“Ancient wisdom” always seems to have a ring of truth in it.
“Never build your house on another man’s land!” is one of my favorites.
I was prompted to think about that by recent events in Sussex County.
Mobile home owners are protesting landlord Hometown America’s customary annual increase in land rent as tenants renew their leases, arguing for legislation that would make such tenants essentially permanently subsidized dependents, forcibly adopted by landlords who allow them to park mobile homes there.
But, first, an economic primer: Income in our free-enterprise society comes from basically three sources: One is selling one’s labor, or aggregating and reselling others’ labor. A second is aggregating and investing capital. A third is creating value via creativity such as intellectual property. A fourth, arbitrage, often blends those three.
None of it is rocket science, although it takes effort and discipline.
In the second category, capital, we’ve watched sons and daughters of Delaware immigrants amass huge real estate holdings in just one, two or at most three generations. Names come to mind like Pettinaro, Fusco and Vassallo, Simeone, Heisler, Harvey. They built it with impulse control, discipline, living within their means and a variety of other notable attributes.
Capital has different rates of market return, depending on its risk profile. Reducing risk often increases the opportunity cost, meaning it earns less return. However, some capitalists will take greater risk with the prospect of enjoying greater returns.
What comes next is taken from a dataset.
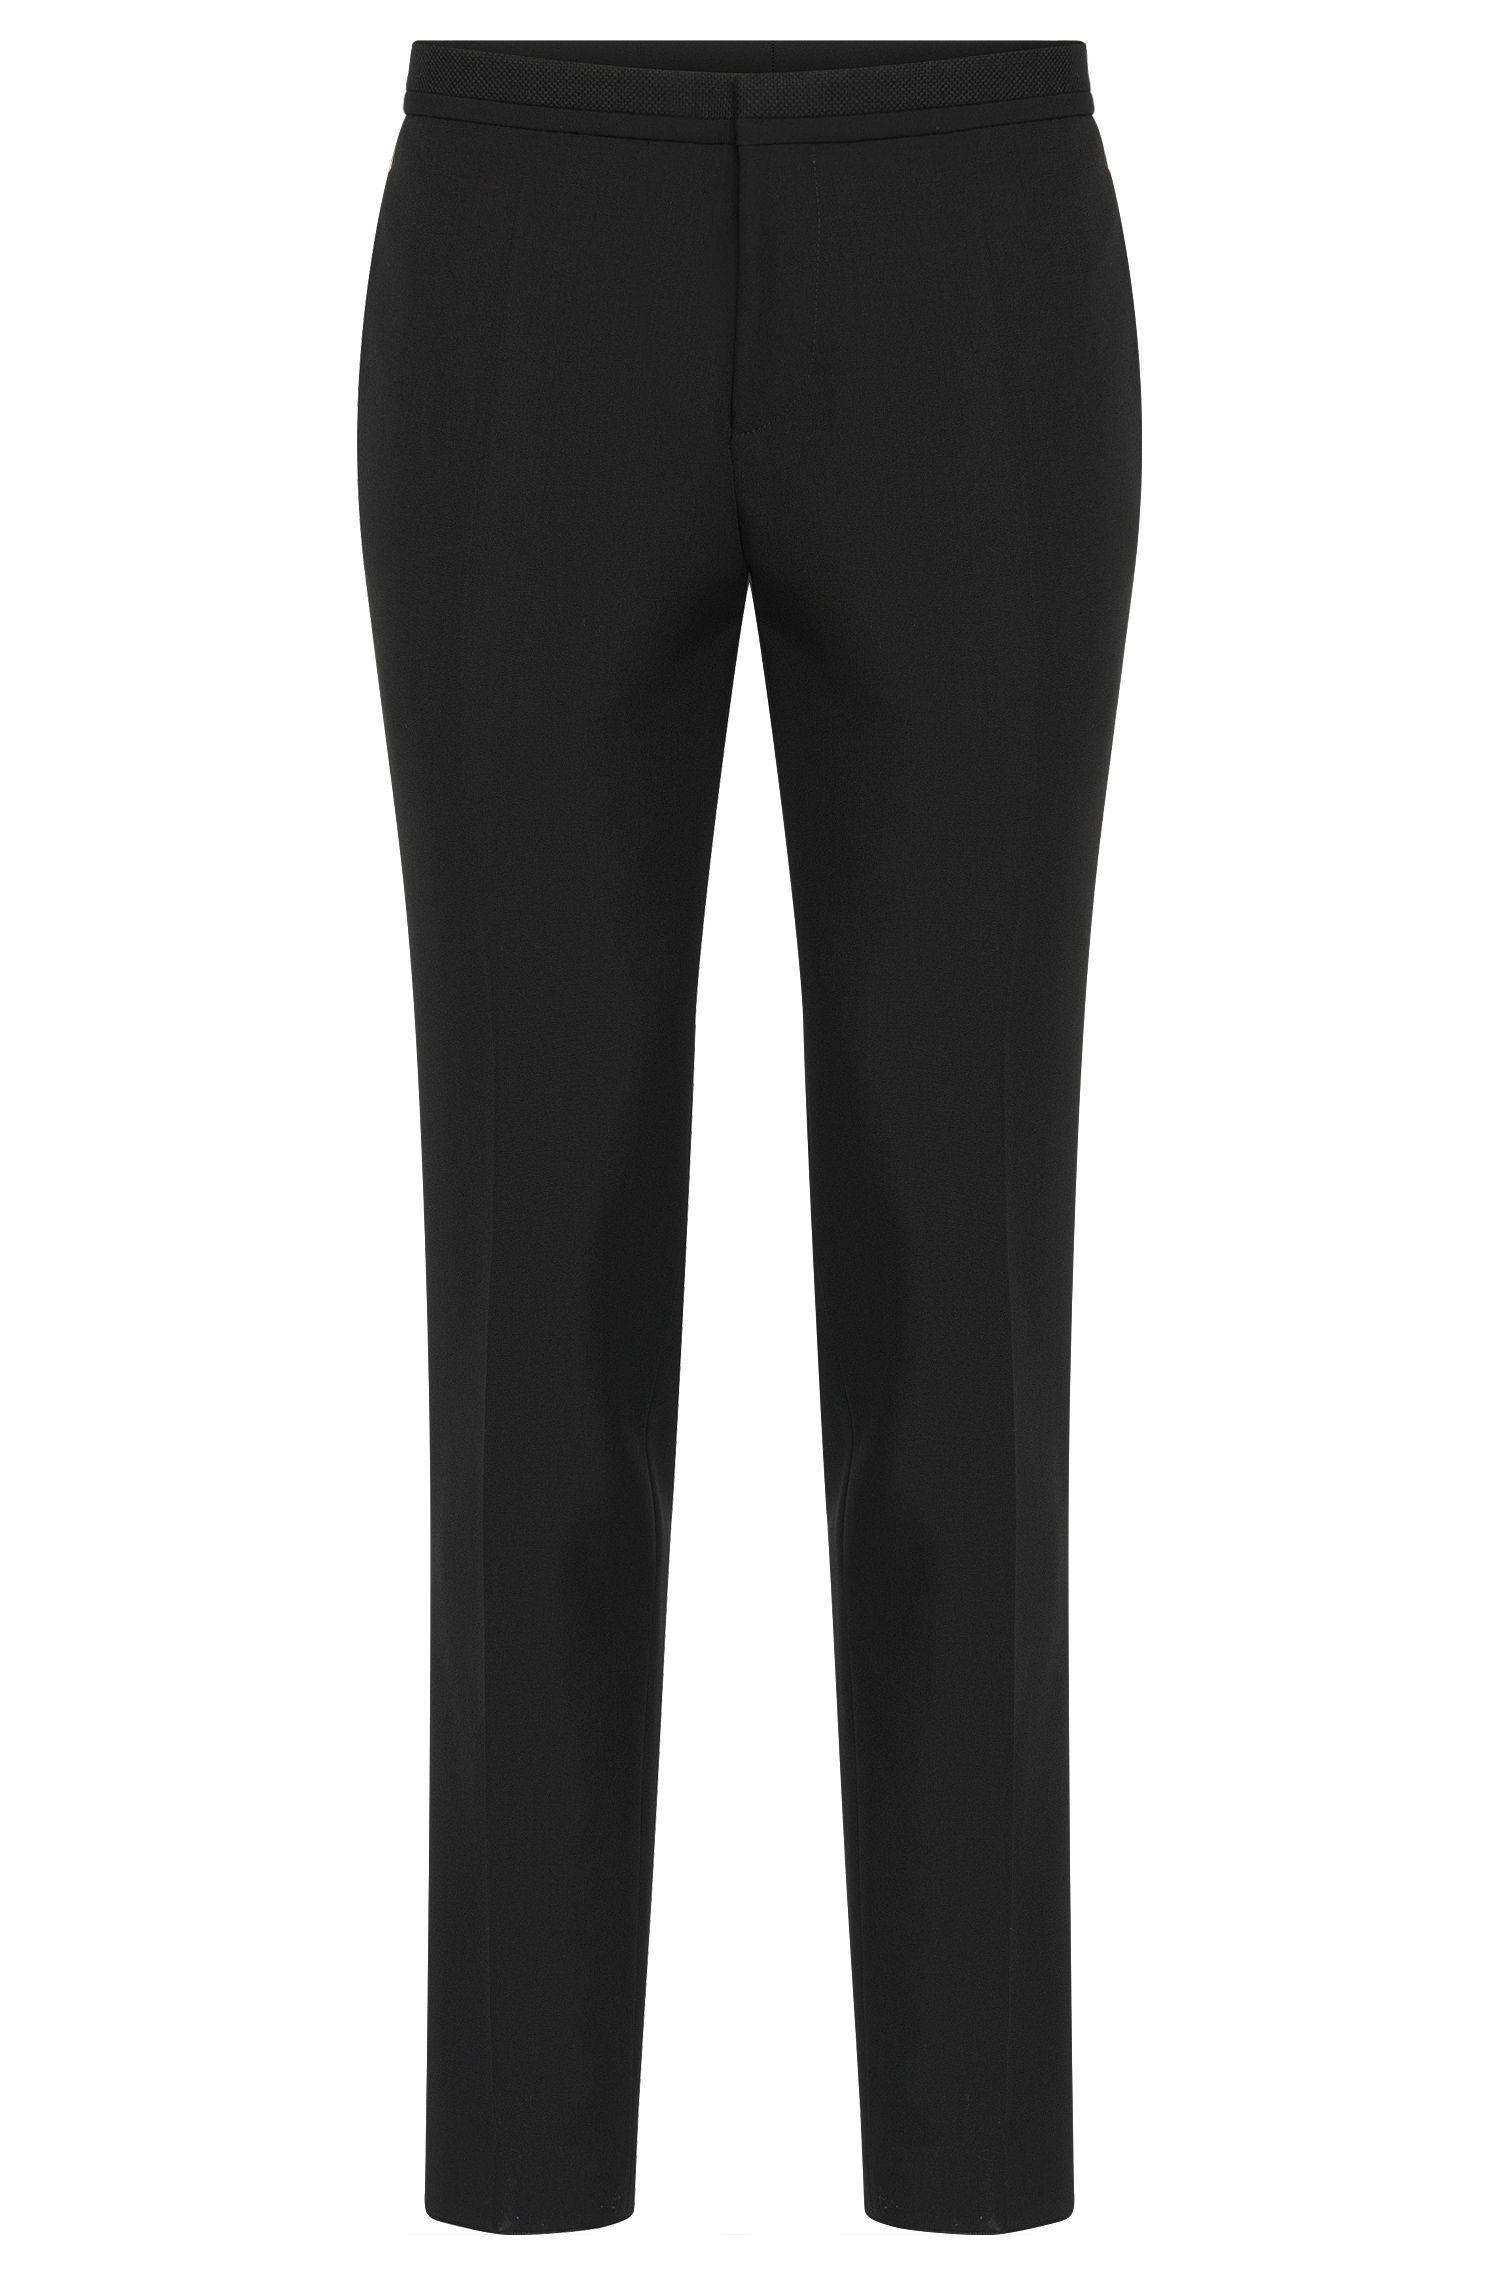 Virgin Wool Mohair Dress Pants, Extra Slim Fit | Wynn
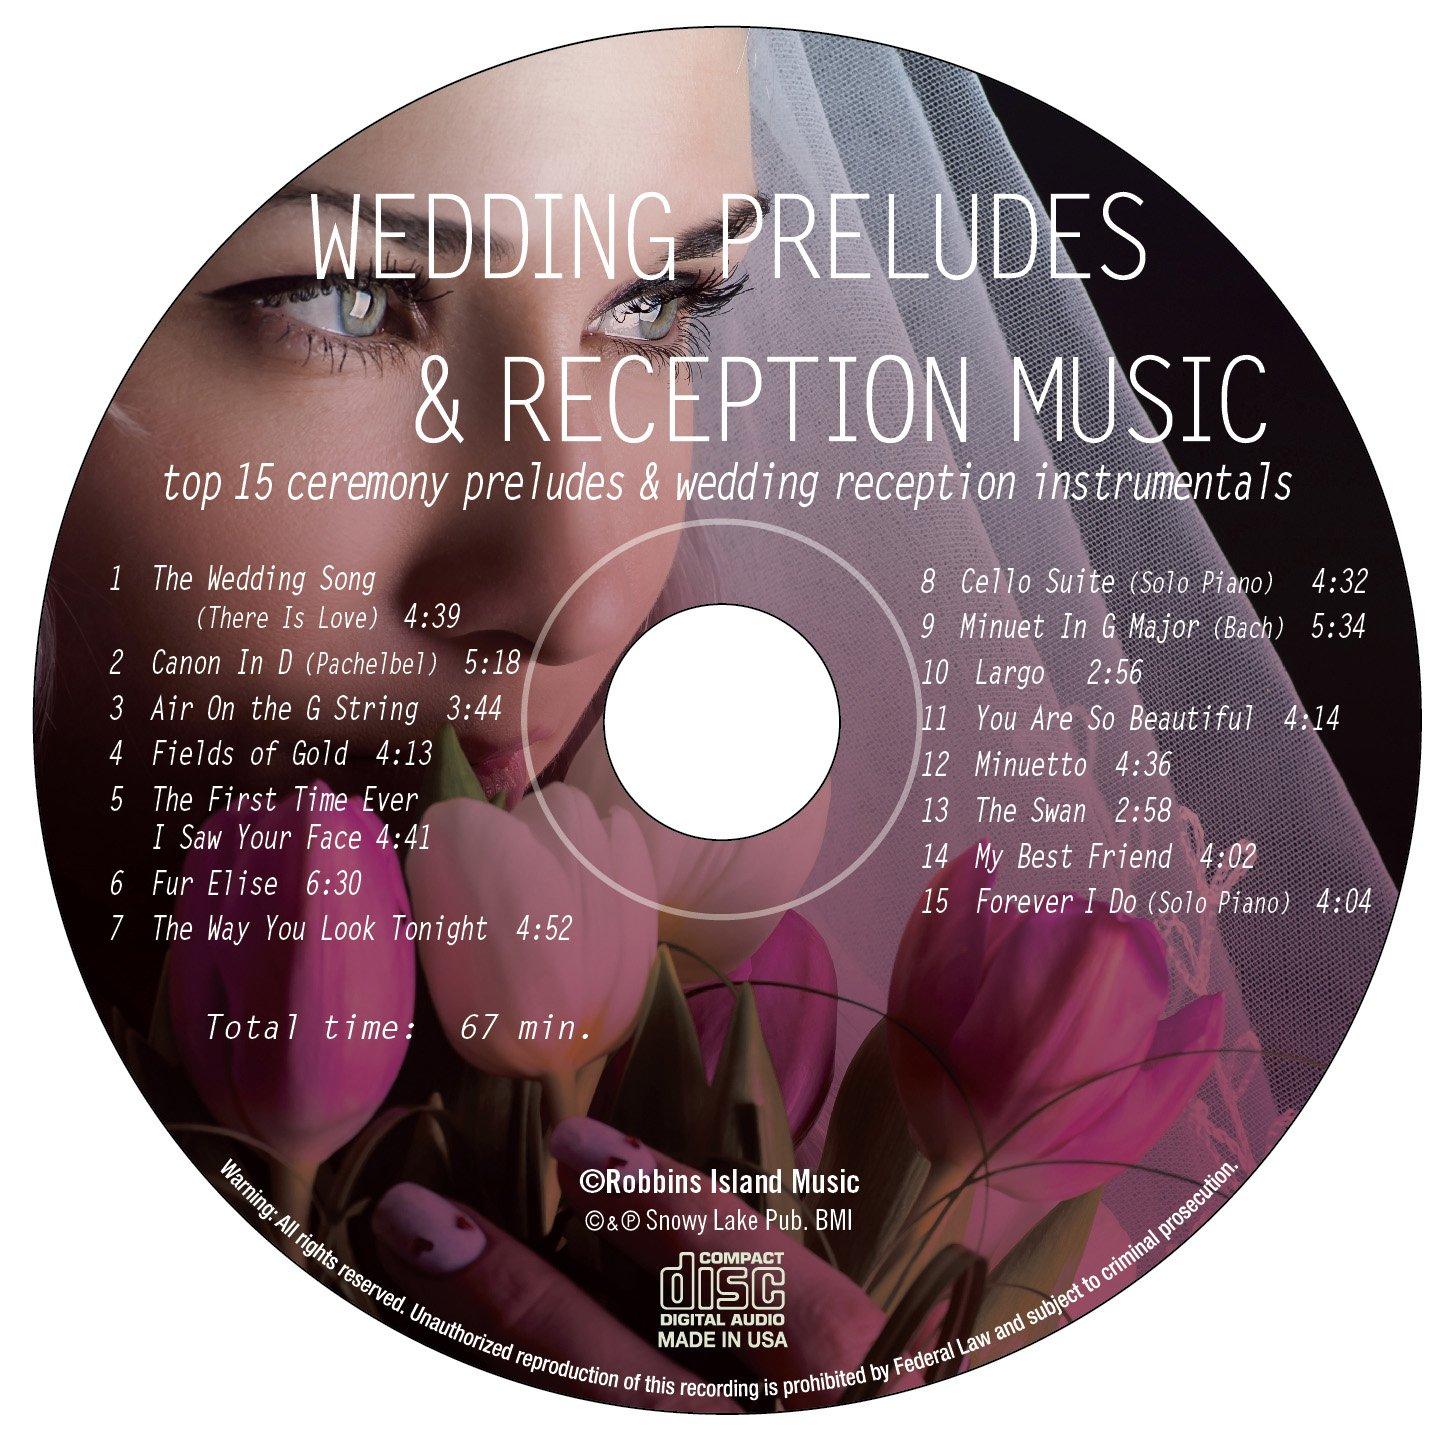 Akim Bliss Wedding Preludes Reception Music Top 15 Ceremony

And that’s what’s at the heart of this month’s controversy. Perhaps I should say this decade’s controversy, because it never seems to completely go away.
Should someone who invests in land to achieve a certain return voluntarily limit his return because his tenants don’t want to pay more for using the asset, or because some feel they cannot pay more? And when the asset increases in value, as real estate often does, even for homeowners, should the tenant pay more rent to reflect that increase in value?
That’s at the heart of yet another rebellion by manufactured home owners.
Having set down their trailers on land they leased from someone else, they feel the landlord is obligated to rent to them next year, indeed the next five years, at last year’s prices, to subsidize their lives.
When I was starting college, I could go to the local McDonald’s and buy two hamburgers, French fries and a soda for 25 cents an item, or the entire meal for $1. Because McDonald’s franchisees once sold me a meal at that market price, does it mean that they’re obligated yet today to sell me the meal for the same $1 price, although their costs as well as the market — their opportunity cost — have increased?
Perhaps the Bernie Sanders crowd would affirm that, given their social agenda of leveling down to reach a degree of egalitarianism, making all capital structures a public utility, but few others would.
And do we really want the government in the business of price controls?
That brings me back to today’s theme, “Never build your house on another man’s land!”
Hometown America is a Chicago-based real estate investment firm that says on its website that it has 56 communities in 11 states, three of them here in Delaware: Barclay Farms (Camden), Angola Beach Estates (Lewes), and Rehoboth Bay (Rehoboth Beach).
Frankly, I’d tell the tenants to read the leases they sign. Budget for increasing costs, which are inevitable.
And, if you don’t like it, move your home somewhere else. But don’t expect your landlord to subsidize your needs and wants, just because he’s selling you a place to park your home.